Illustratively, the outside of the body layer of the ceramic fiber felt of the carbon ceramic fiber heat insulation composite material,and a carbon fiber non-woven felt layer with an outer layer filled with alumina fiber or alumina ceramic fiber felt is also arranged. The phenolic resin is sprayed in alumina or silicon dioxide fiber and carbonized at 1000 ℃ after being cured at 200 ℃. A carbon layer/silicon carbide layer is deposited on the surface of the silicon dioxide fiber (the carbon layer and the surface of the silicon dioxide fiber are subjected to gas-solid reaction at high temperature to form the silicon carbide layer (SiO)2+3C=SiO2+2CO) and a residual carbon layer). The thermal insulation material has a higher infrared blocking effect, and a silicon carbide layer formed after phenolic resin carbonization further plays roles in reflection and absorption, so that the thermal conductivity of the thermal insulation material is obviously reduced.
Illustratively, the carbon-ceramic fiber thermal insulation composite material is subjected to a carbon/graphitization treatment.
Illustratively, one or more of alumina and/or silica fibers are added to the carbon fiber nonwoven felt layer.
Illustratively, the carbon fiber non-woven felt layer of the inner layer 1 of the carbon-ceramic fiber heat-insulation composite material is a heat-insulation material high-temperature layer, the carbon fiber and ceramic fiber mixed felt layer is a connecting layer 2, and the silicon dioxide fiber felt layer is an intermediate layer 3, so that a heat-insulation material low-temperature region is formed; the outer layer 4 is a carbon fiber non-woven felt layer as a material protection zone. The thermal conductivity of the carbon graphite material is gradually reduced along with the temperature rise, the thermal conductivity of the silicon dioxide material is rapidly increased along with the temperature rise, and the thermal conductivity of the silicon dioxide is lower than that of the carbon graphite material. The carbon material in the high-temperature area has better infrared absorption and reflection effects, the heat transfer mainly based on heat radiation conduction is reduced by utilizing the property of the carbon material, and the heat transfer of the fiber solid is reduced by utilizing the low thermal conductivity of the silicon dioxide solid in the low-temperature area. The carbon-ceramic heat insulation composite material prepared by utilizing the physical properties of the two materials has lower heat conductivity, so that the composite material has higher absorption, scattering and reflection effects on infrared radiation, and the high-temperature radiation heat transfer and the low-temperature solid heat transfer of the thermal field material are obviously reduced. The cost of the carbon fiber is 3-4 times of that of the silicon dioxide fiber, and the cost of the thermal field is saved by more than one time in material use.

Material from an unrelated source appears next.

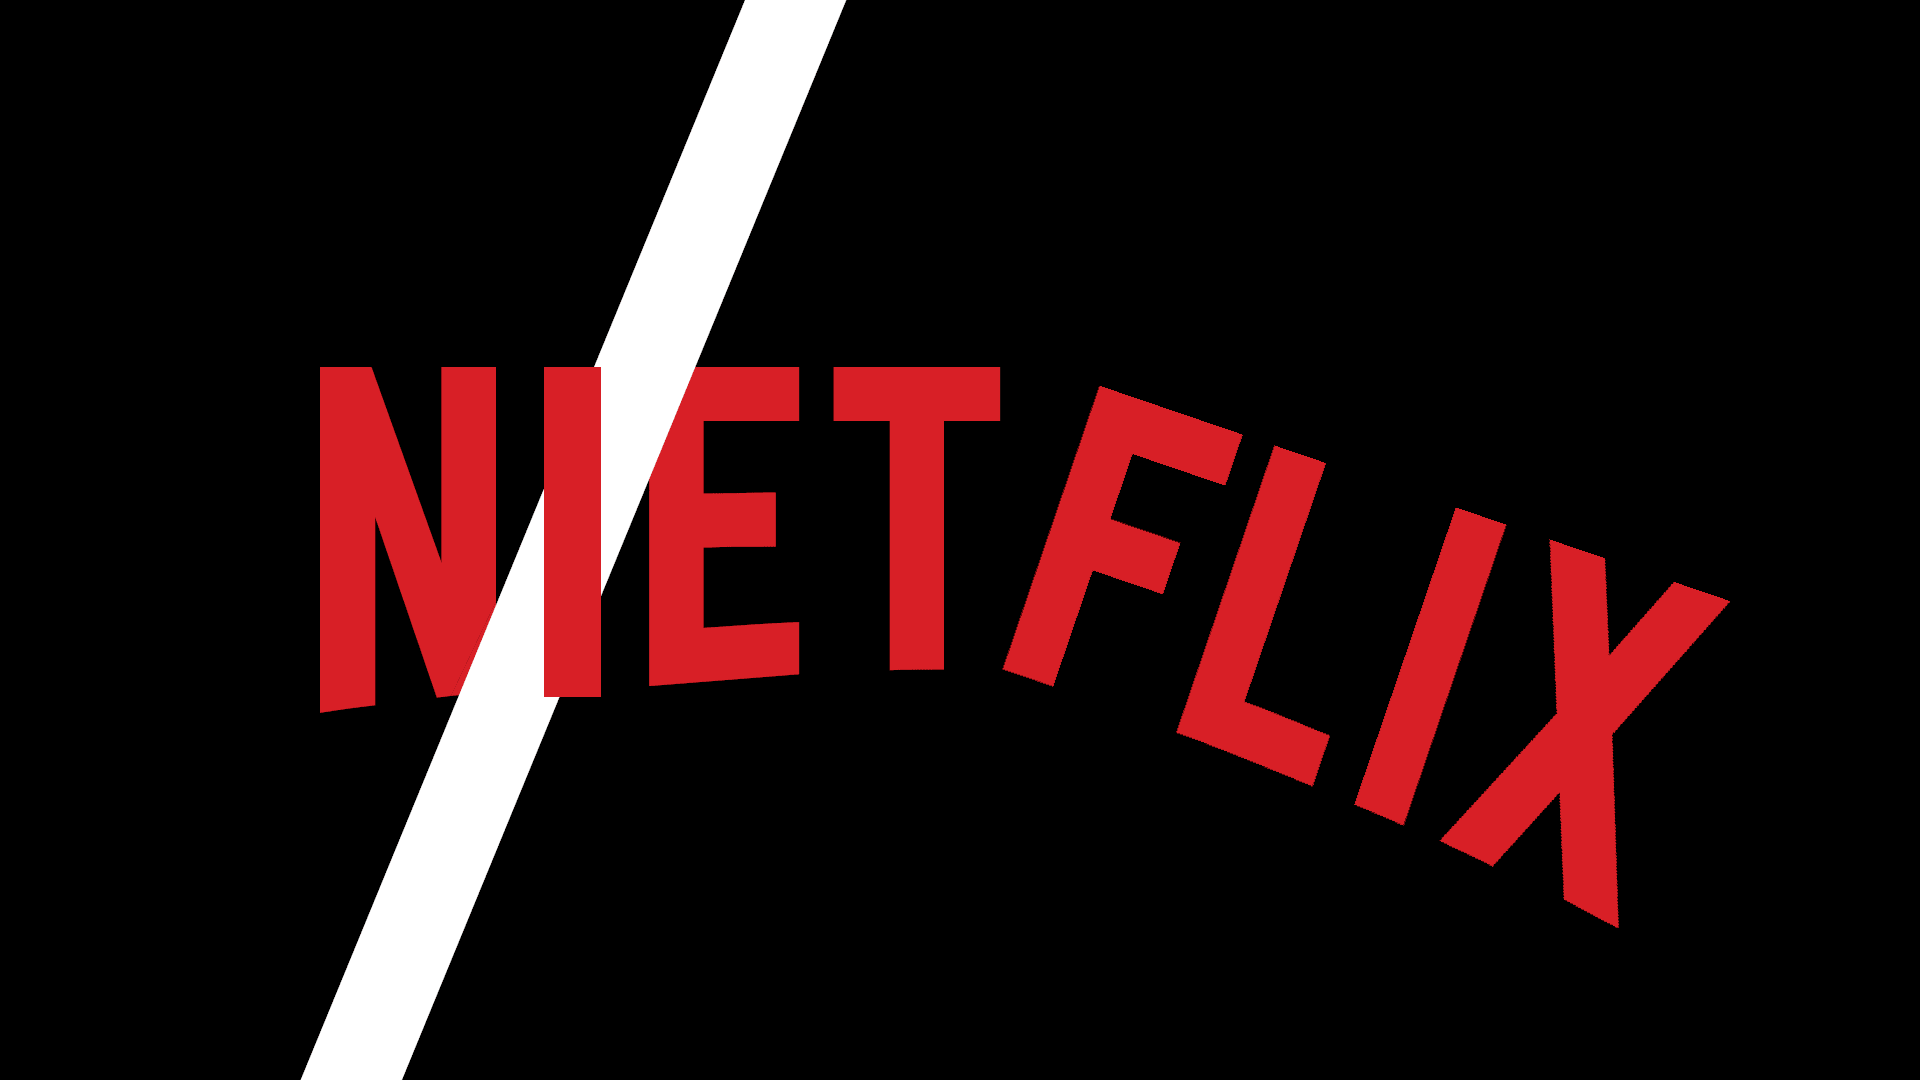 Niet-flix (czyli Nie dla Netflixa)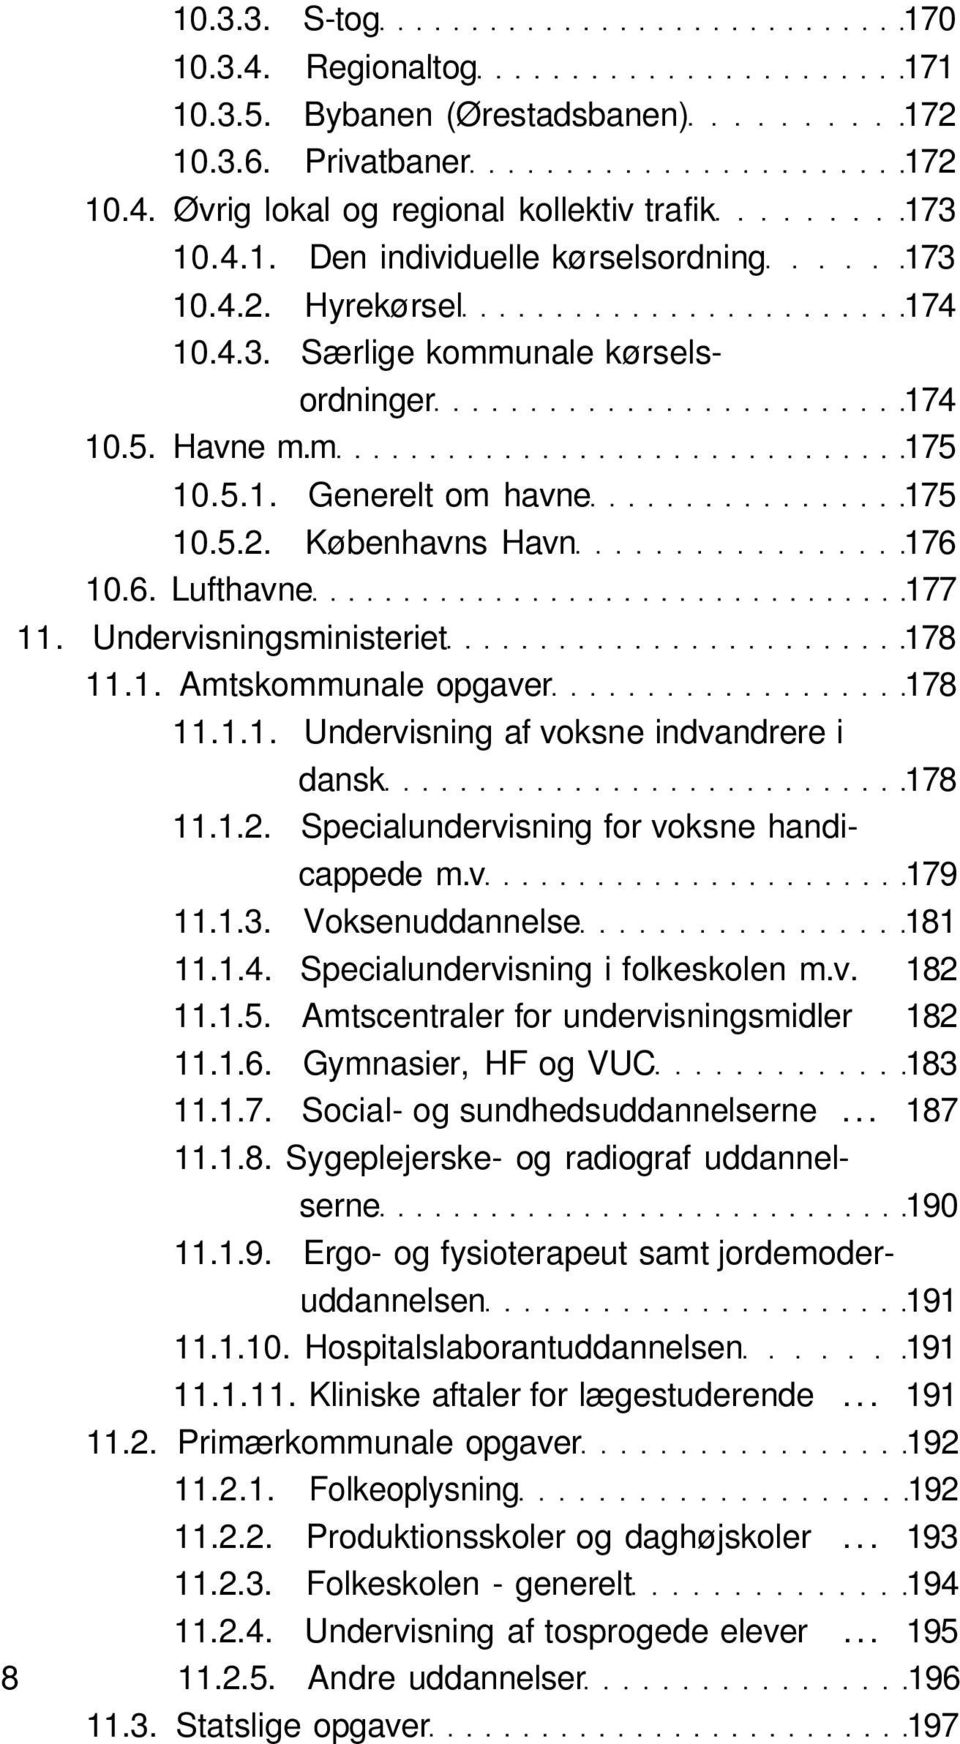 Undervisningsministeriet 178 11.1. Amtskommunale opgaver 178 11.1.1. Undervisning af voksne indvandrere i dansk 178 11.1.2. Specialundervisning for voksne handicappede m.v 179 11.1.3.

Illustratively, more than 90% of the carbon fibers and the silica fibers in the connecting layer are arranged along the circumferential direction or parallel to the axial direction of the carbon ceramic fiber cylindrical heat-insulating composite material. Therefore, through the physical properties of the crystal structure in the fiber and the difference between the radial thermal conductivity and the axial thermal conductivity of the fiber, the fiber is arranged along the circumferential direction after the arrangement mode is selected, so that the thermal conductivity can be extremely reduced, and the heat insulation effect is improved.
Illustratively, more than 90% of the carbon fibers and the silica fibers in the connecting layer are arranged along the circumferential direction or parallel to the axial direction of the carbon ceramic fiber cylindrical heat insulation material.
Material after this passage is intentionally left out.